Photo ©Chris van der Burgh

Nicht Schlafen, Alain Platel / Les Ballets C de la B

Par François Maurisse & Wilson Le Personnic

Publié le 29 mai 2017

Après trois ans de fermeture, la MC93 rouvre ses portes en accueillant Nicht Schlafen, la dernière création d’Alain Platel, présentée pour la première fois en Île-de-France. Une réouverture solennelle, comme un signal fort envoyé par Hortense Archambault, nouvelle directrice du lieu, qui inaugure sa première saison par une œuvre charnelle, baroque, âprement politique.

Figure incontournable de la scène chorégraphique flamande, Alain Platel poursuit depuis plus de trente ans un travail aux confins de la danse, du théâtre et de l’oratorio païen. Fondateur des Ballets C de la B, il collabore régulièrement avec des artistes de toutes provenances, mêlant traditions populaires et grands répertoires musicaux dans un geste profondément œcuménique.

Avec Nicht Schlafen, il orchestre un nouvel entrelacs entre musiques savantes et énergies brutes.
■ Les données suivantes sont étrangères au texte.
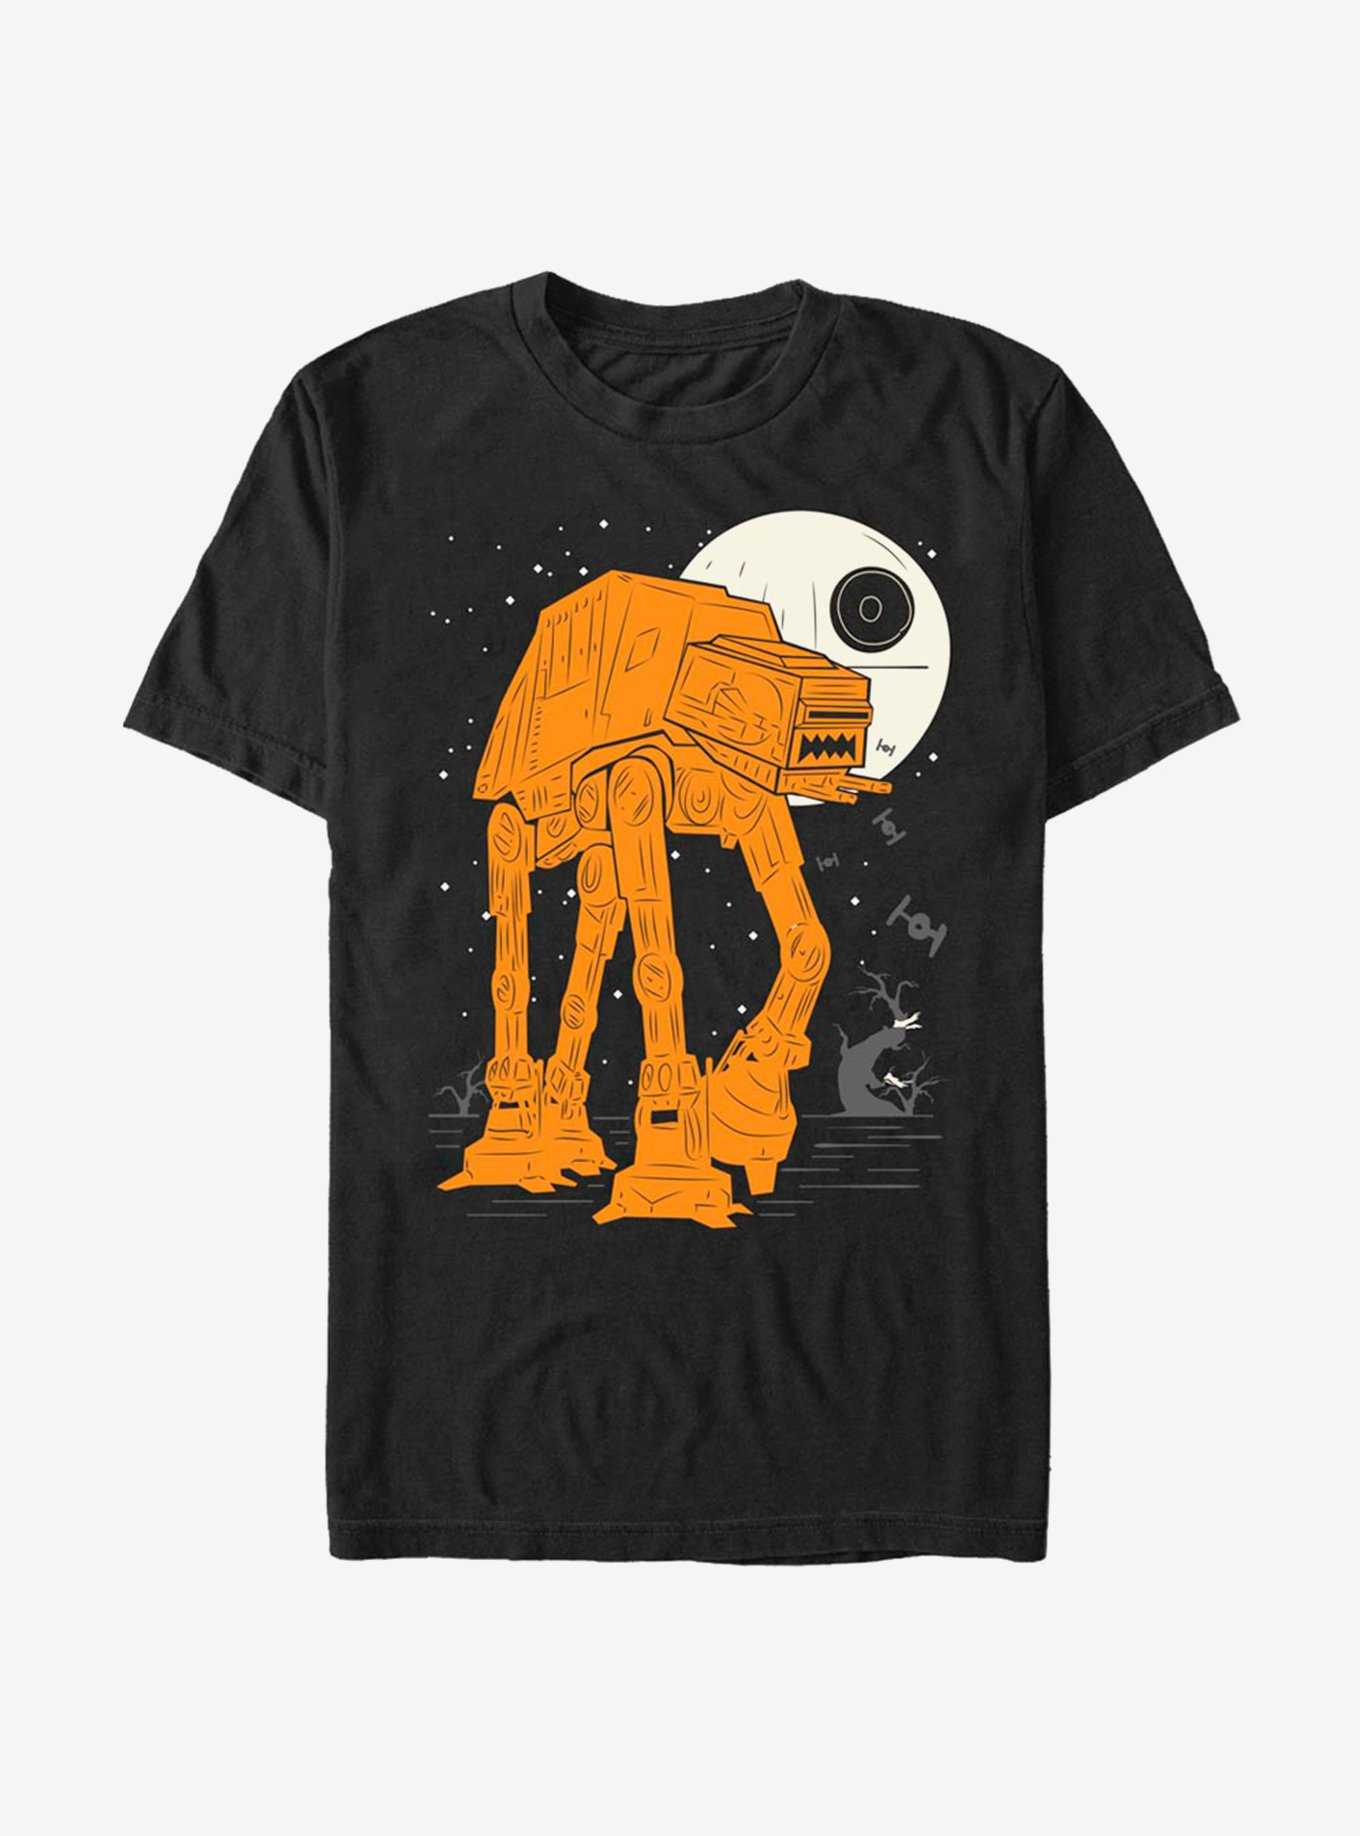 Star Wars AT-AT Walker Full Moon T-Shirt, , hi-res

Gustav Mahler, dont les symphonies animent le cœur du spectacle, dialogue ici avec les chants pygmées interprétés en direct par Boule Mpanya et Russell Tshiebua, deux musiciens congolais déjà présents dans Coup Fatal. Cette hybridation musicale, entre lyrisme désespéré et pulsation rituelle, structure une pièce tendue entre l’effondrement du monde ancien et la persistance de forces vitales.
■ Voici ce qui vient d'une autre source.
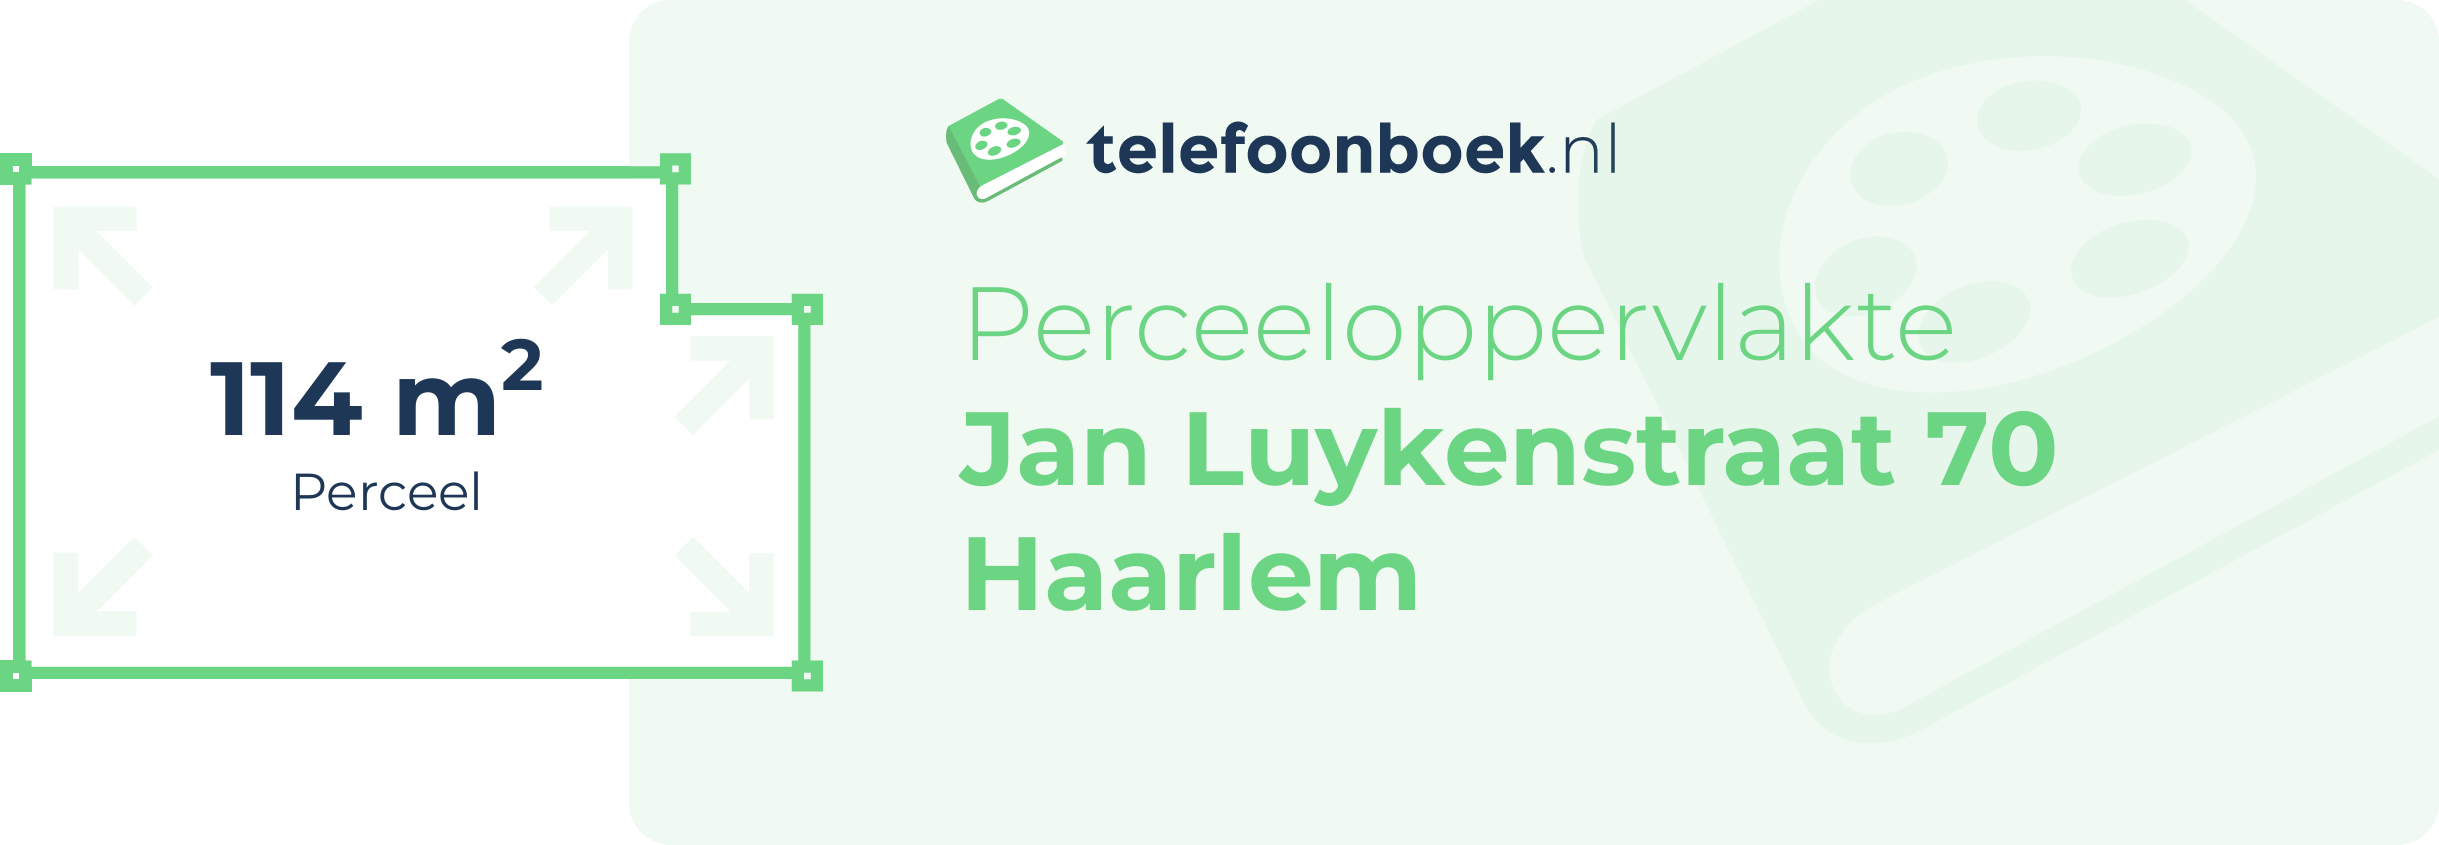 Perceeloppervlakte Jan Luykenstraat 70 Haarlem

Sur une estrade centrale gisent trois chevaux, moulages hyperréalistes signés Berlinde De Bruyckere, figés dans l’agonie. Le plateau, bordé d’une tenture éventrée, convoque une atmosphère de charnier mythologique. On pense aux champs de bataille, aux sacrifices antiques, à l’effroi de l’histoire. Ce décor de fin des temps devient le théâtre d’un affrontement pulsionnel. Neuf interprètes, presque tous masculins, se jettent dans une mêlée désorganisée, entre luttes animales, déshabillages sauvages et combats d’épuisement. La peau s’expose, les chairs s’abîment, les voix s’élèvent parfois en chœurs a cappella comme des litanies funèbres.
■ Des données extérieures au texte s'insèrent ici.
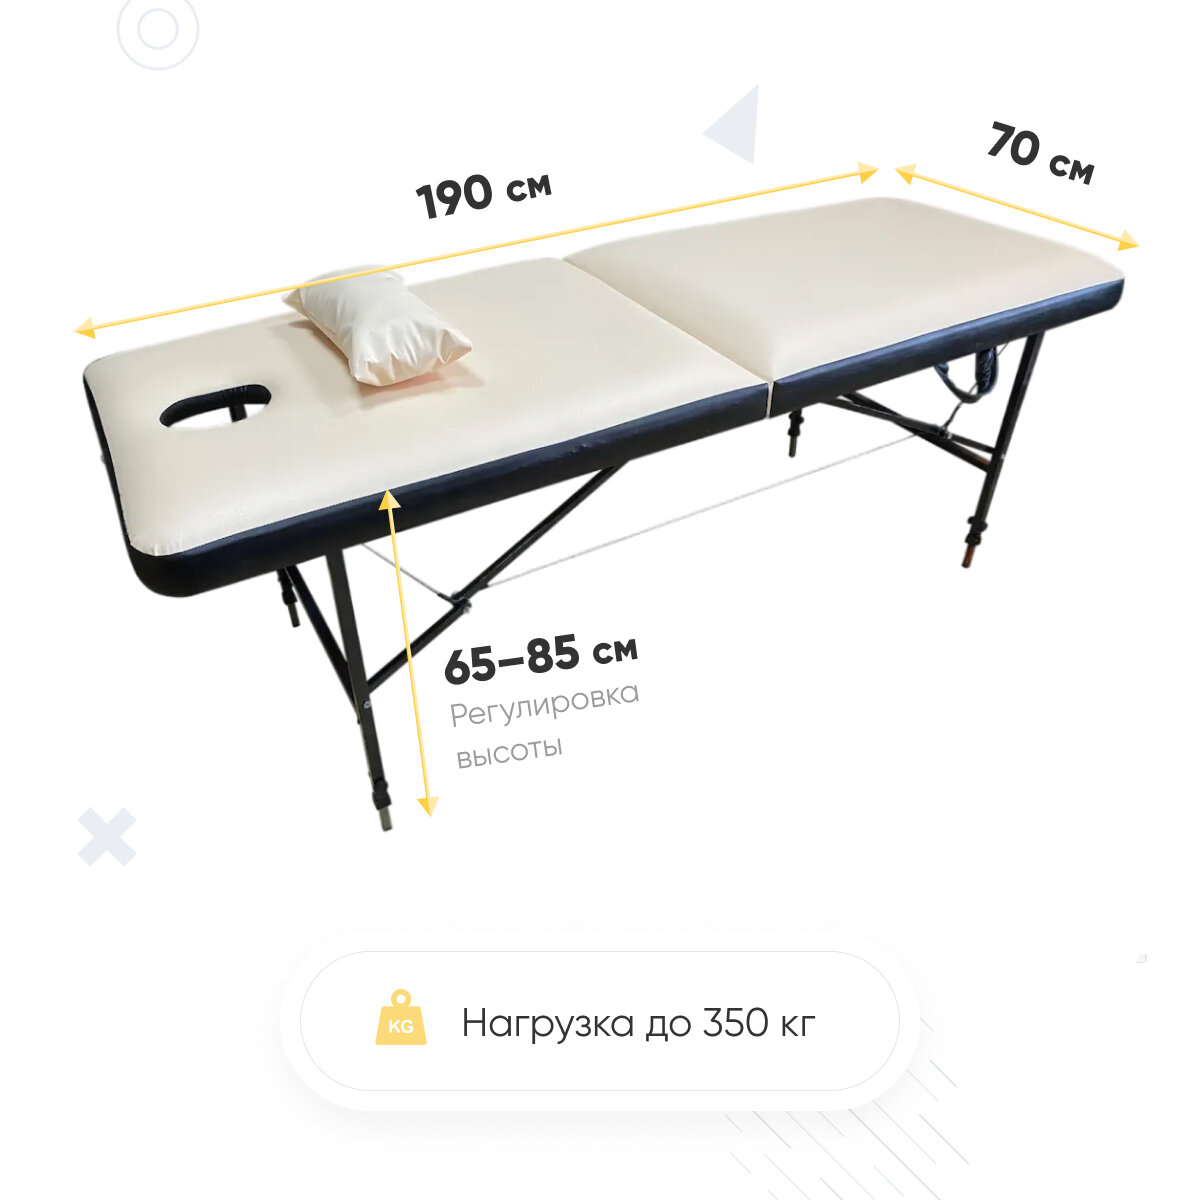 Массажный стол складной 190х70 см и Регулировкой высоты 65-85 Бежево-черный. Двойной поролон, Двойной цвет Fabric-stol - фотография № 2

C’est une transe continue, une chorégraphie de l’instinct. Platel privilégie l’énergie, la torsion, la brutalité, travaillant la matière corporelle comme un sculpteur. Les gestes empruntent à l’équitation guerrière, aux rituels tribaux, à la parade amoureuse. Les corps se frôlent, se heurtent, se soumettent. La bande-son, entremêlant Mahler, cris amplifiés et râles de chevaux, installe un climat d’oppression hypnotique. Le plateau devient une arène archaïque, à la fois sensuelle et sacrifiée.

Mais cette intensité, si frappante dans les premières minutes, finit par se diluer. Les séquences s’enchaînent sans réelle progression, et malgré la virtuosité des interprètes, la forme patine. Le spectacle s’étire dans une danse d’épuisement, parfois plus démonstrative que signifiante. La puissance du collectif, indéniable, peine à trouver une dramaturgie claire. On devine des intentions, la guerre, la résilience, l’effondrement des civilisations, sans que l’ensemble n’atteigne l’impact de précédentes œuvres de Platel. Malgré sa puissance plastique et l’engagement des interprètes, le spectacle impressionne plus qu’il ne bouleverse, et semble s’épuiser dans son propre excès.

Vu à la MC93. Photo Chris Van der Burght.